> **ABOUT THIS TASK**:
Write out the whole listing exactly; no images belong in it.

===== EXERCISE DATA =====

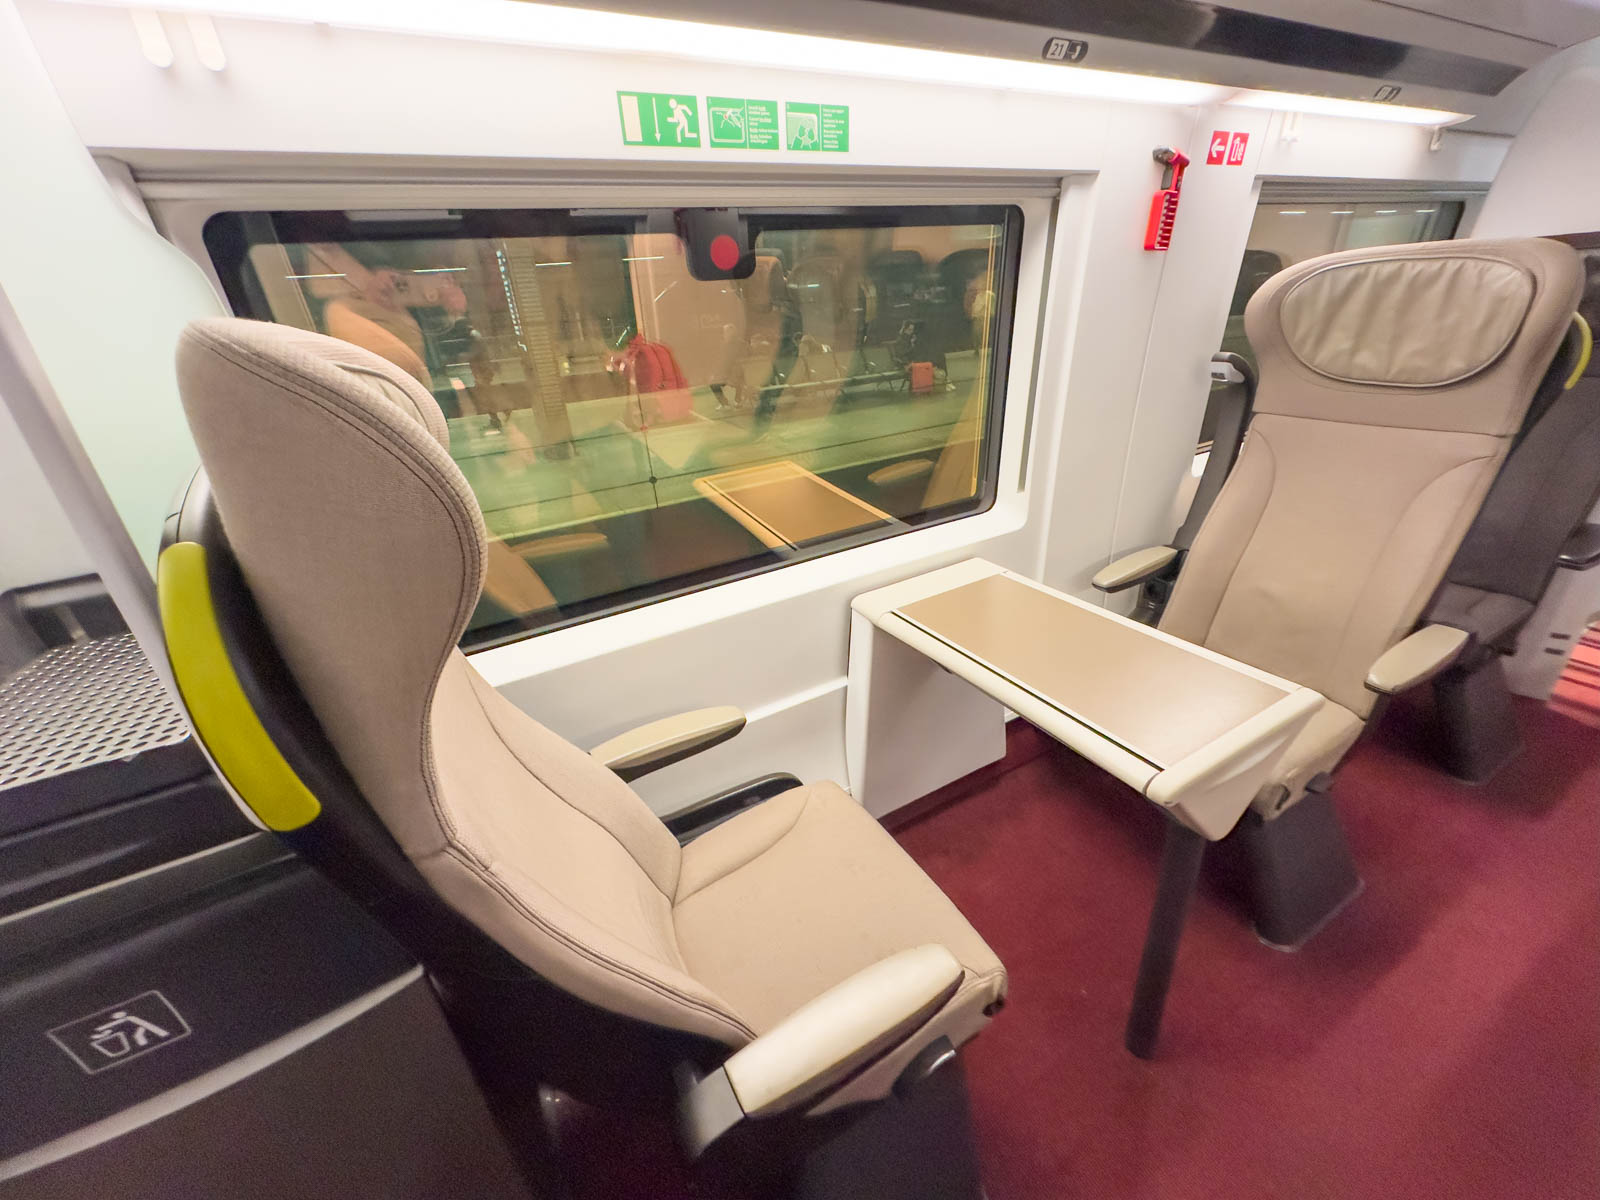 A set of 2 seats in the standard premier section of the train.
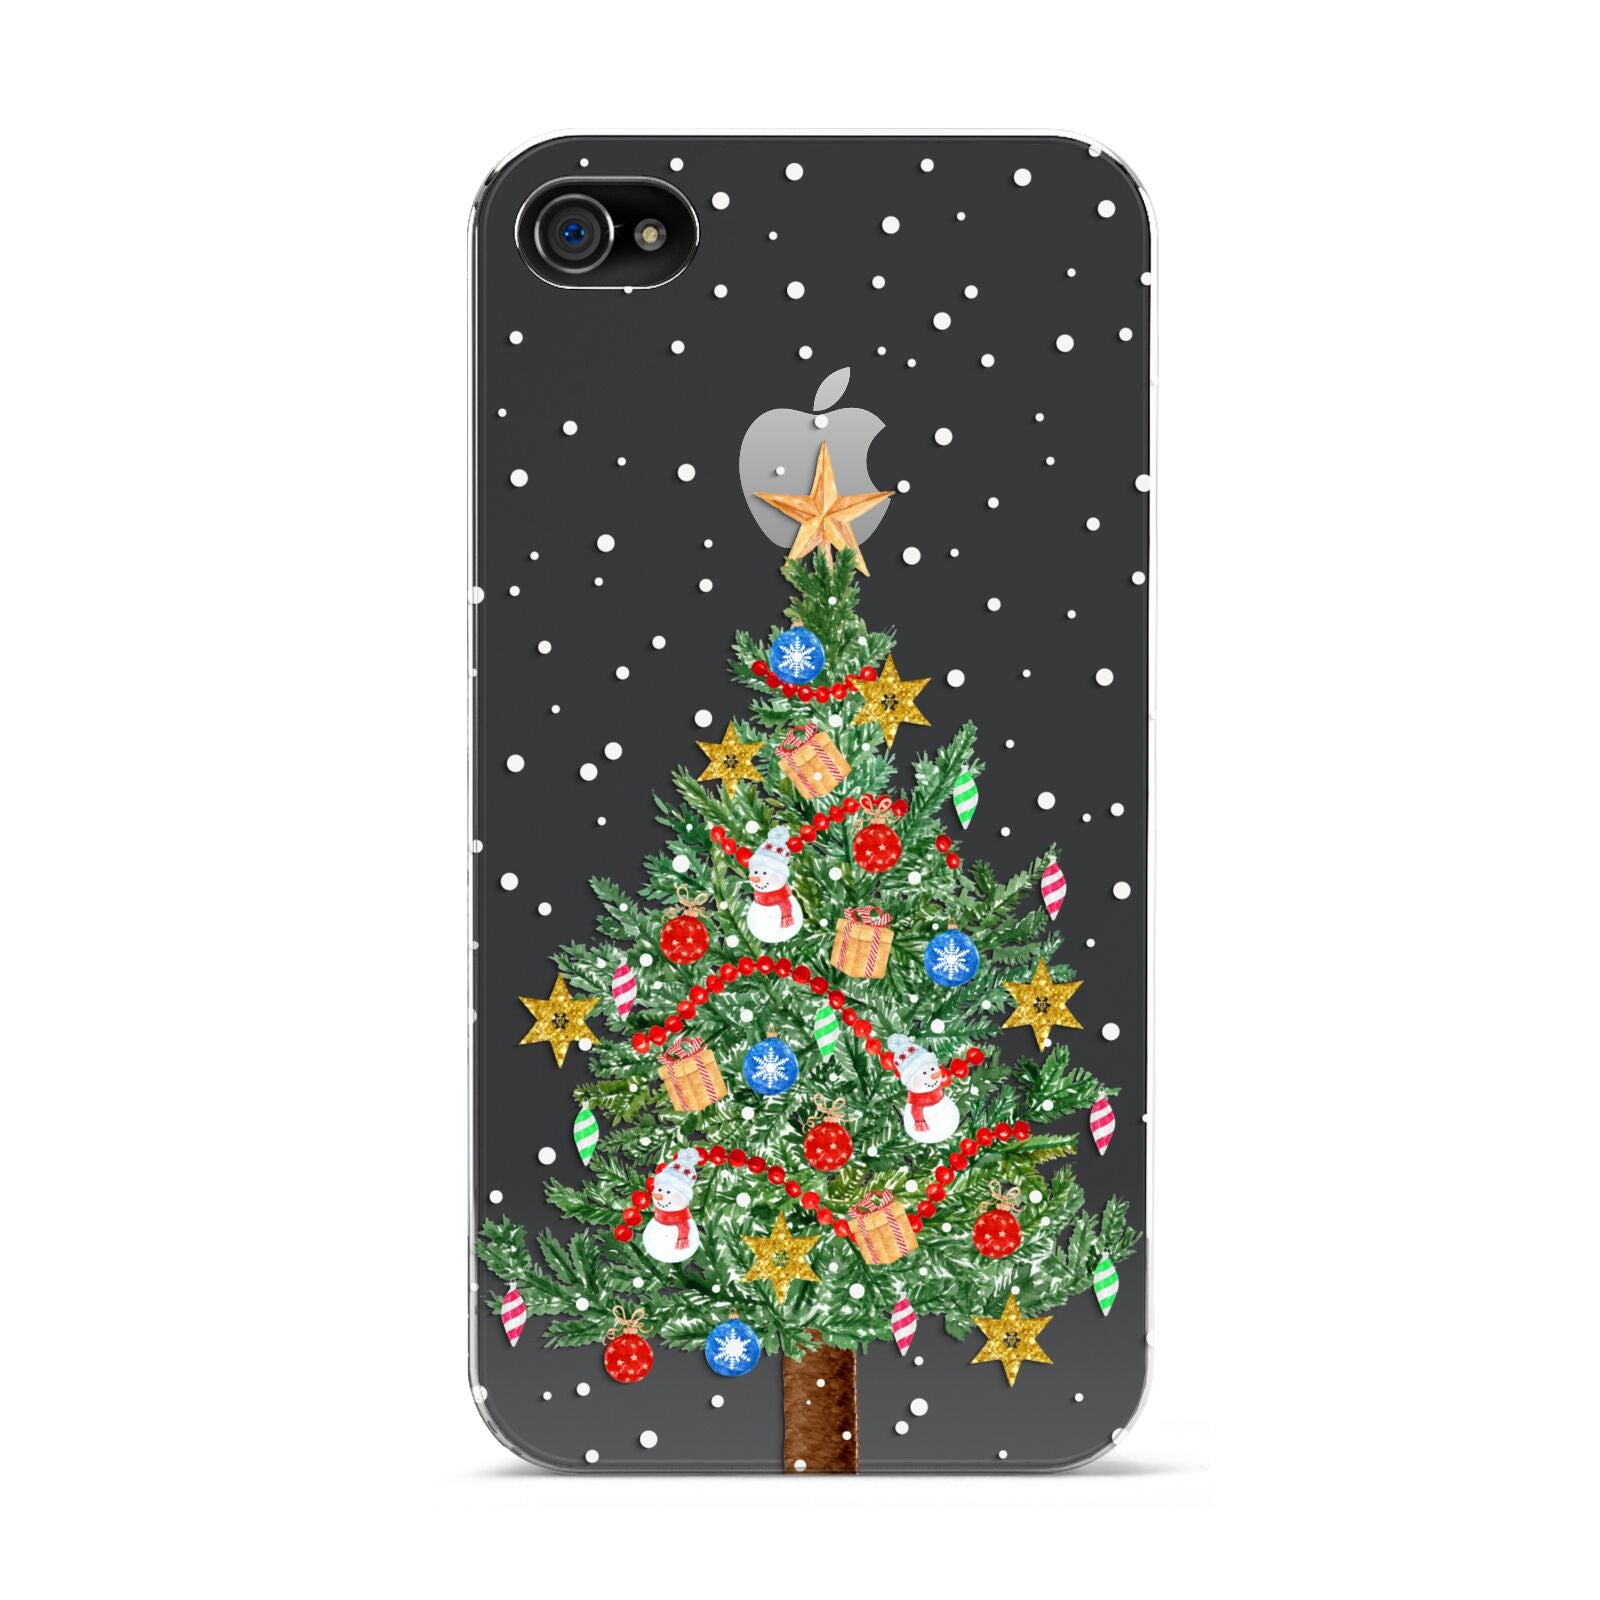 Sparkling Christmas Tree Apple iPhone 4s Case
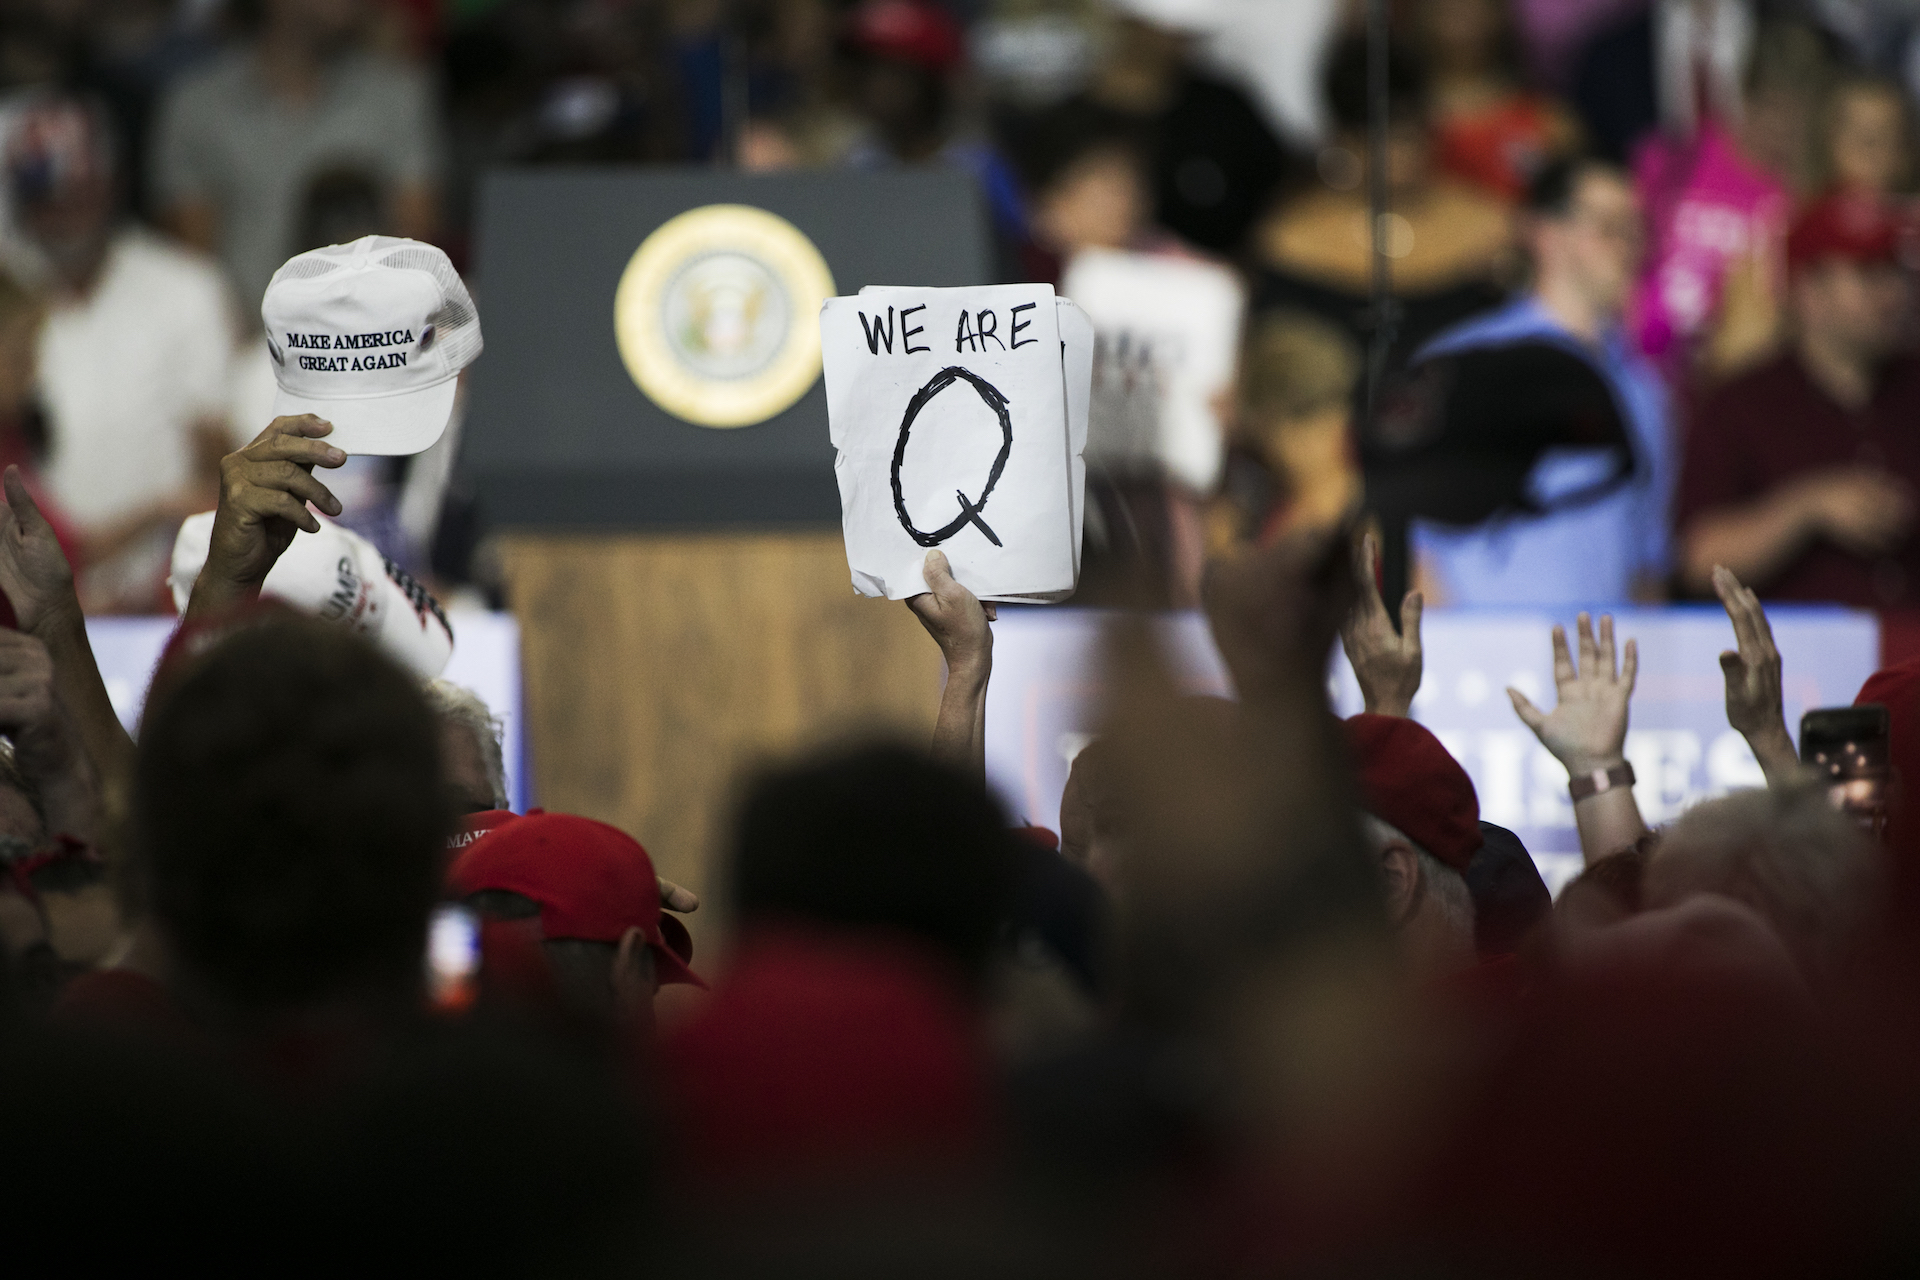 Owner of 8chan/8kun helps create QAnon super PAC and is running
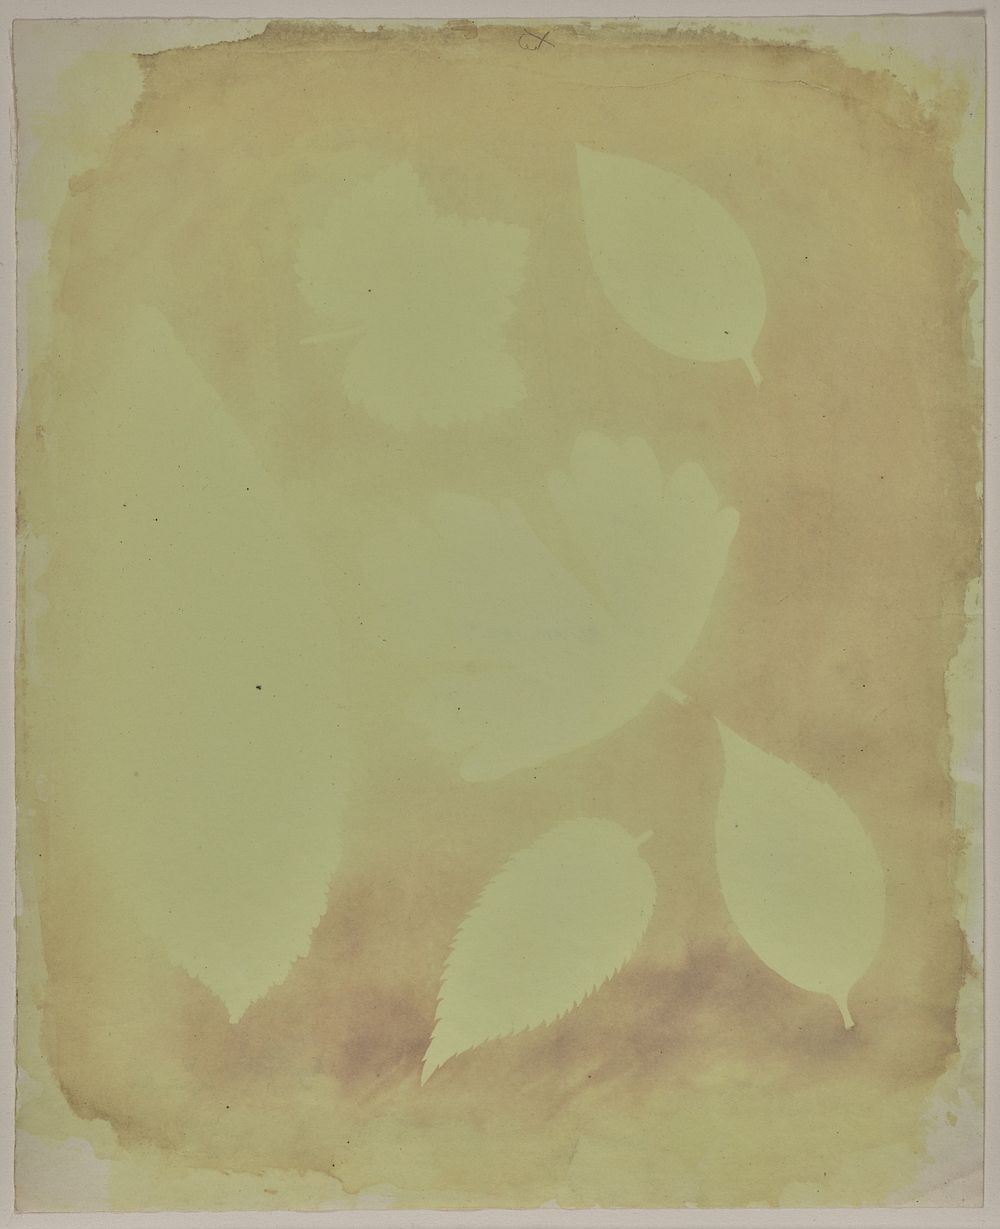 Arrangement of Six Leaves (Sunlight Test of Fixing) by William Henry Fox Talbot

=====

> **ANSWER TO THE PROBLEM**:
 A set of 2 seats in the standard premier section of the train.
 Sparkling Christmas Tree Apple iPhone 4s Case
 Owner of 8chan/8kun helps create QAnon super PAC and is running
 Arrangement of Six Leaves (Sunlight Test of Fixing) by William Henry Fox Talbot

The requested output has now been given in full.